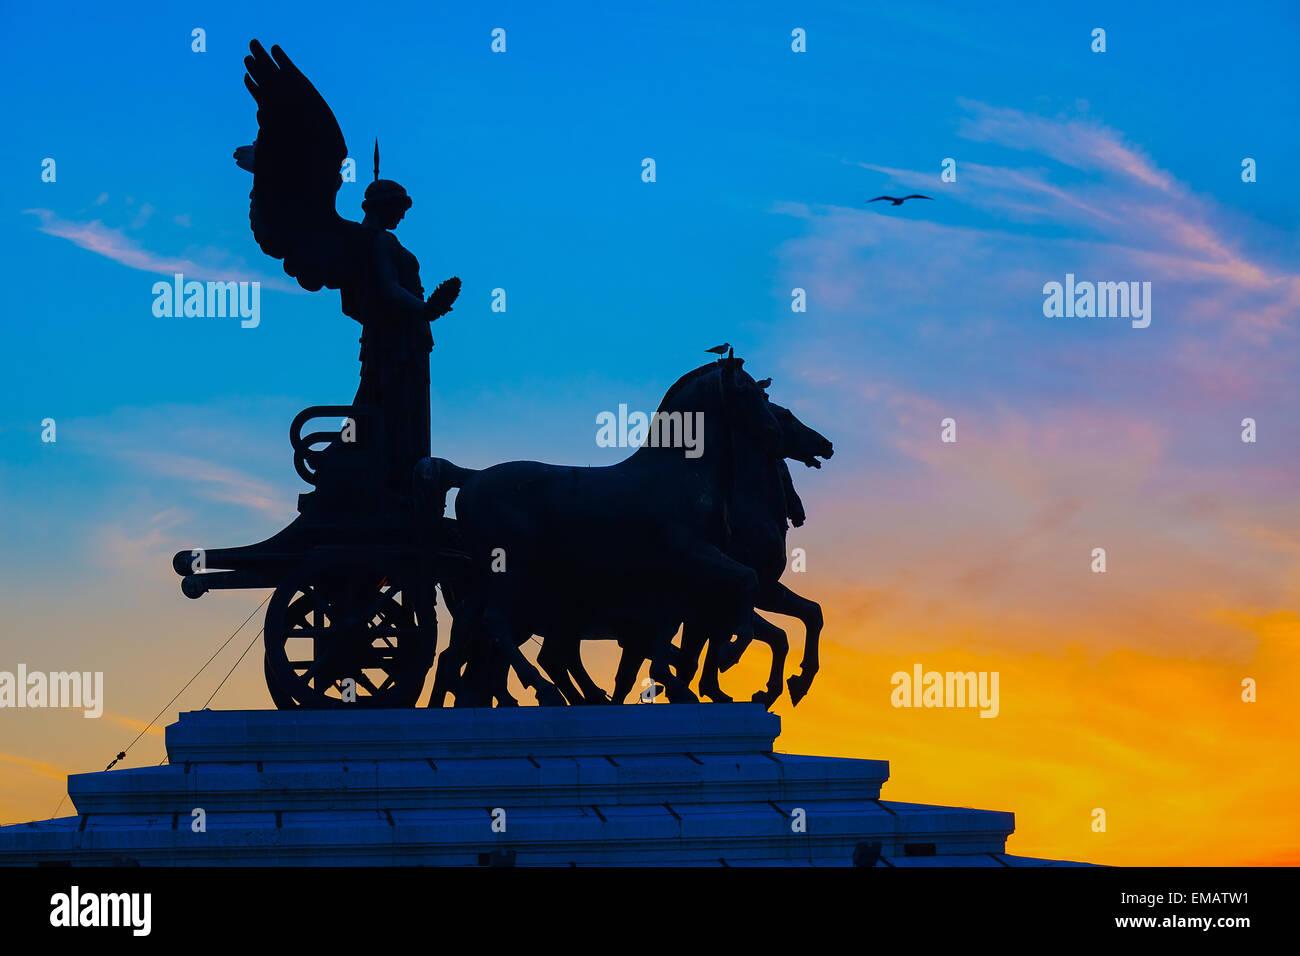 Goddess Victoria riding on quadriga, Rome - Stock Image
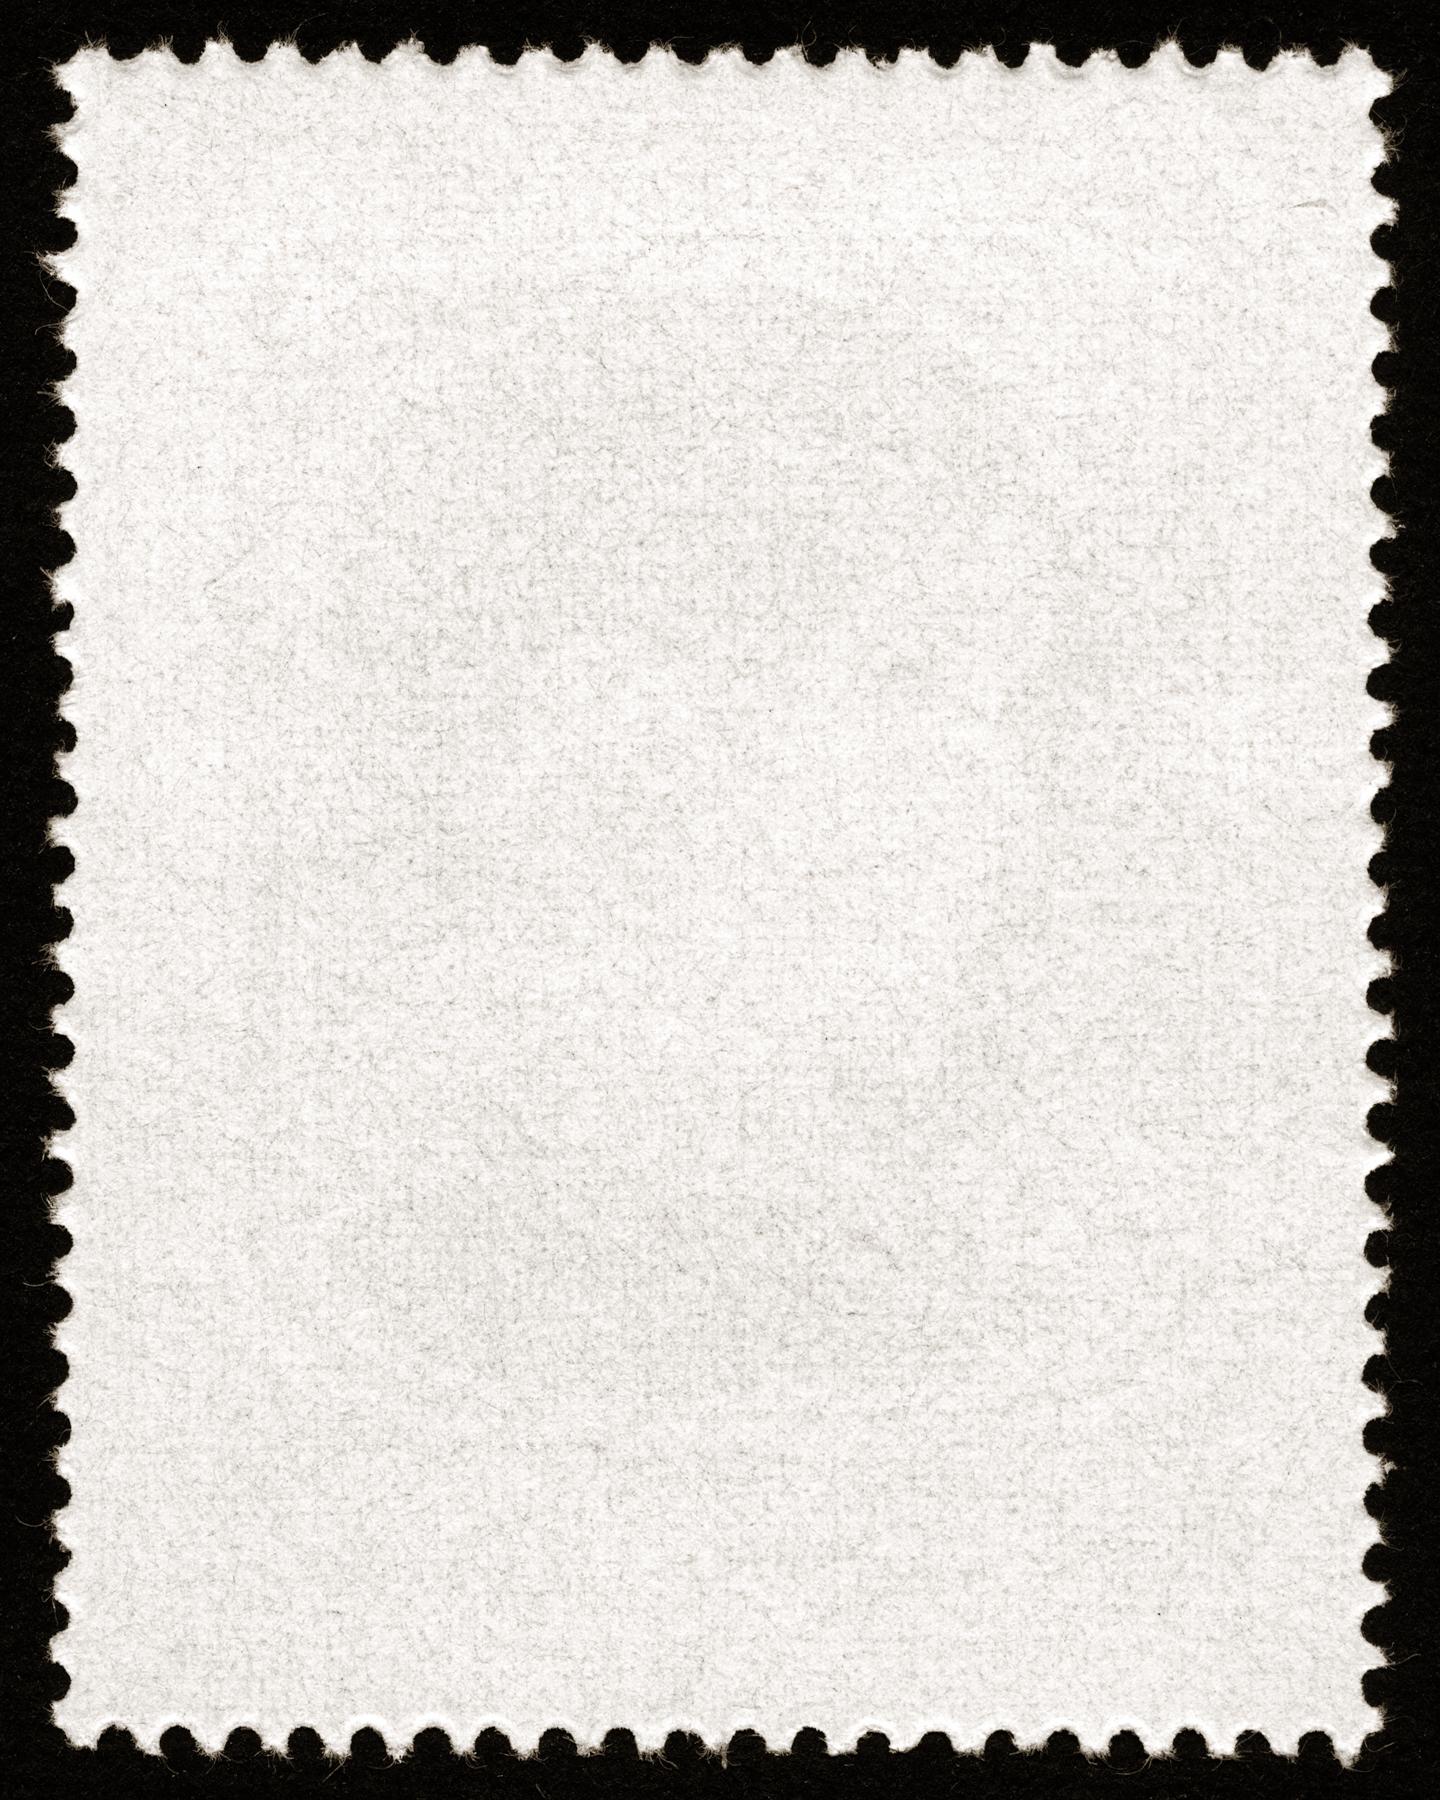 Blank Stamp, Backdrop, Scrap, Picture, Plain, HQ Photo
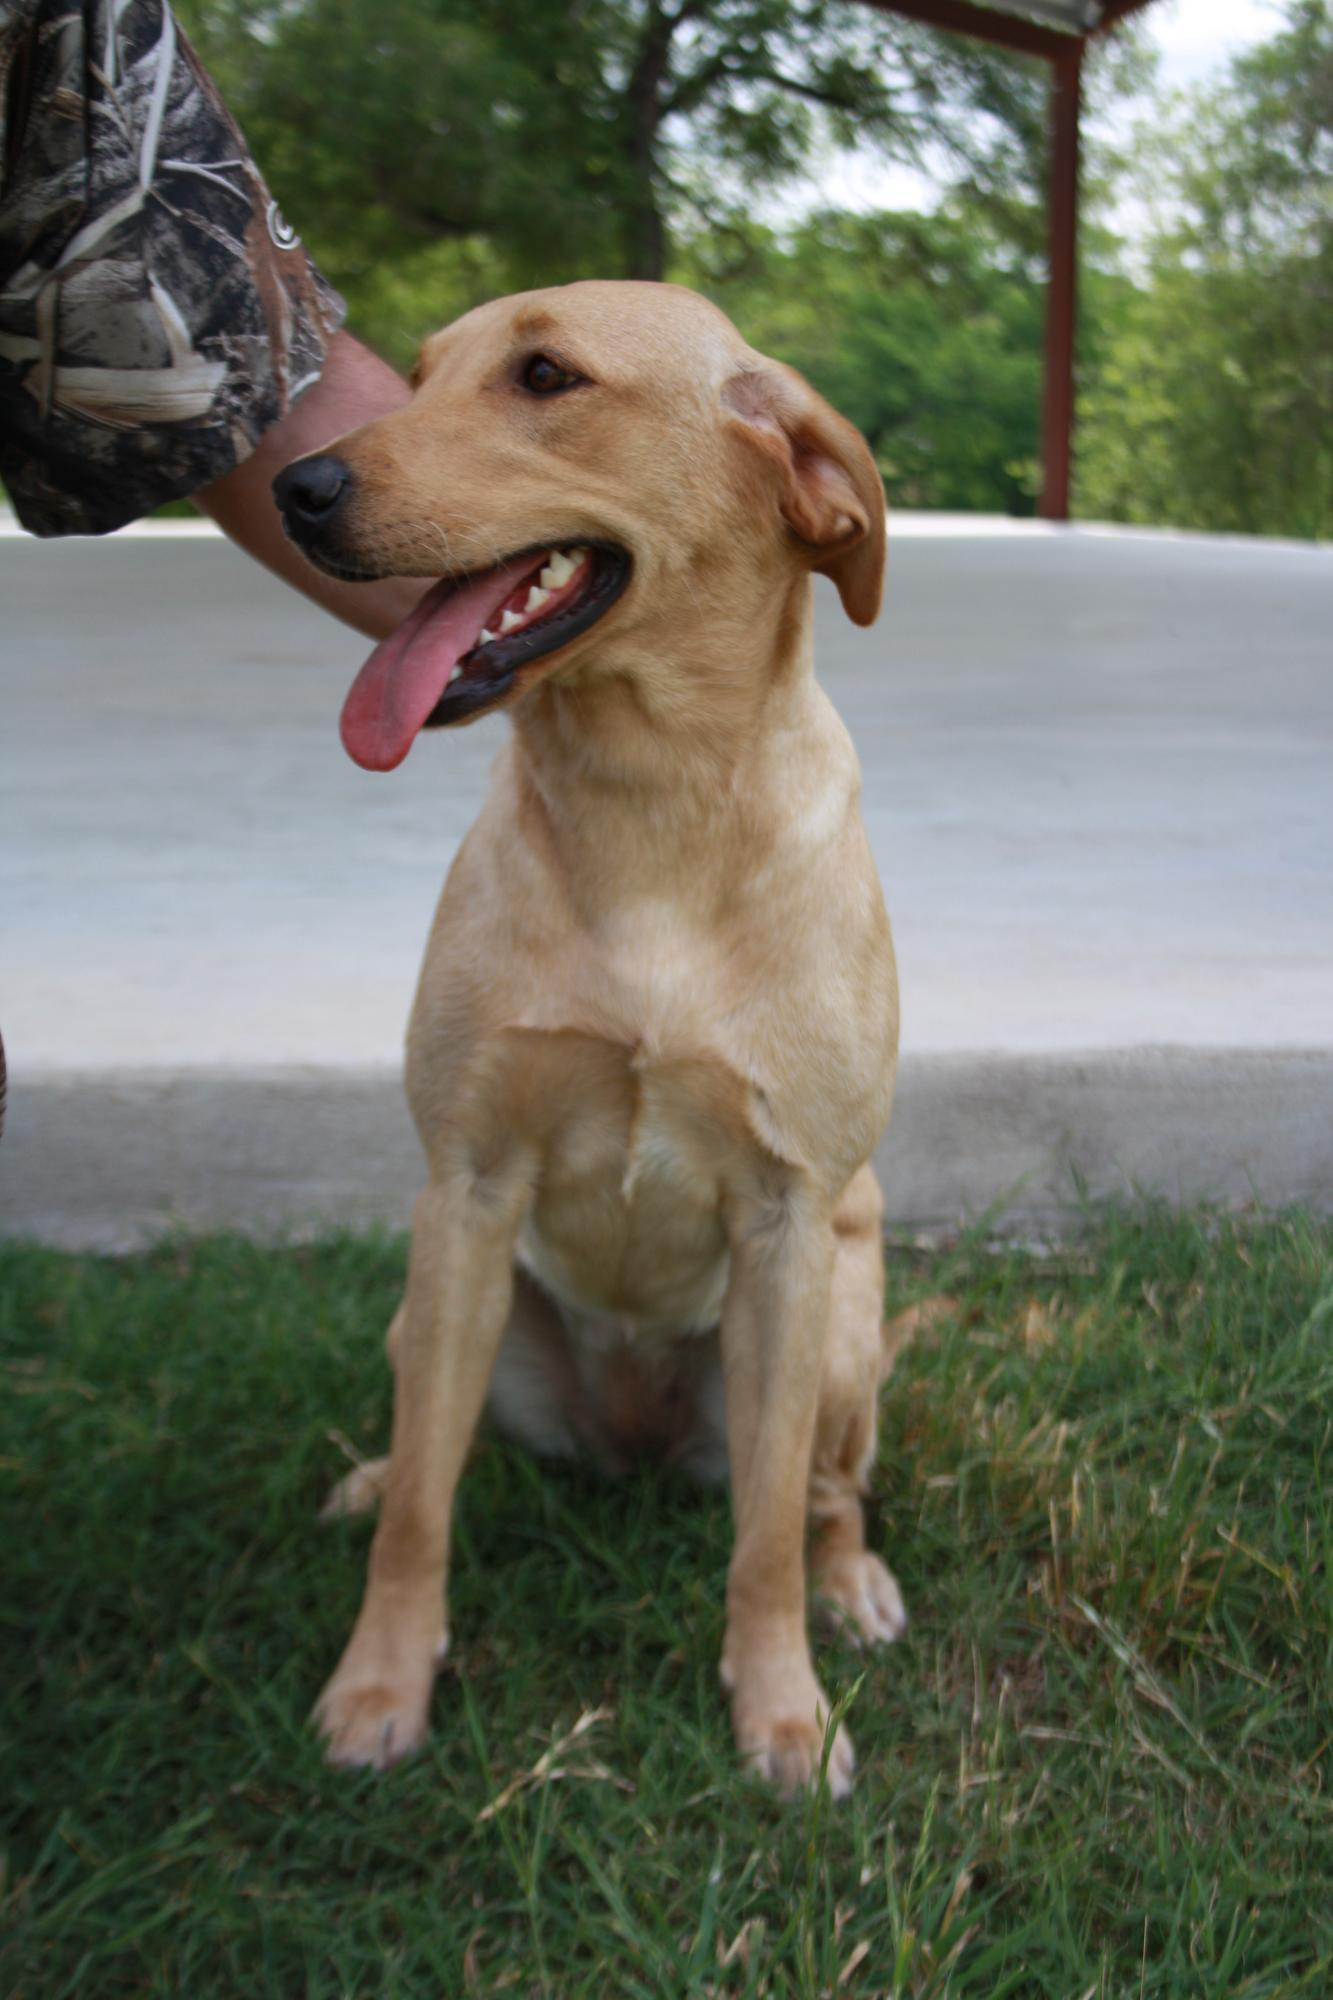 Waterstone Labradors - Boerne, TX 78006 - (210)305-1293 | ShowMeLocal.com

(PROBLEM DESCRIPTION) Leave out the pictures and retype every line above exactly.

(RESPONSE)
 Goddess Victoria riding on quadriga, Rome - Stock Image
 Blank Stamp, Backdrop, Scrap, Picture, Plain, HQ Photo
 Waterstone Labradors - Boerne, TX 78006 - (210)305-1293 | ShowMeLocal.com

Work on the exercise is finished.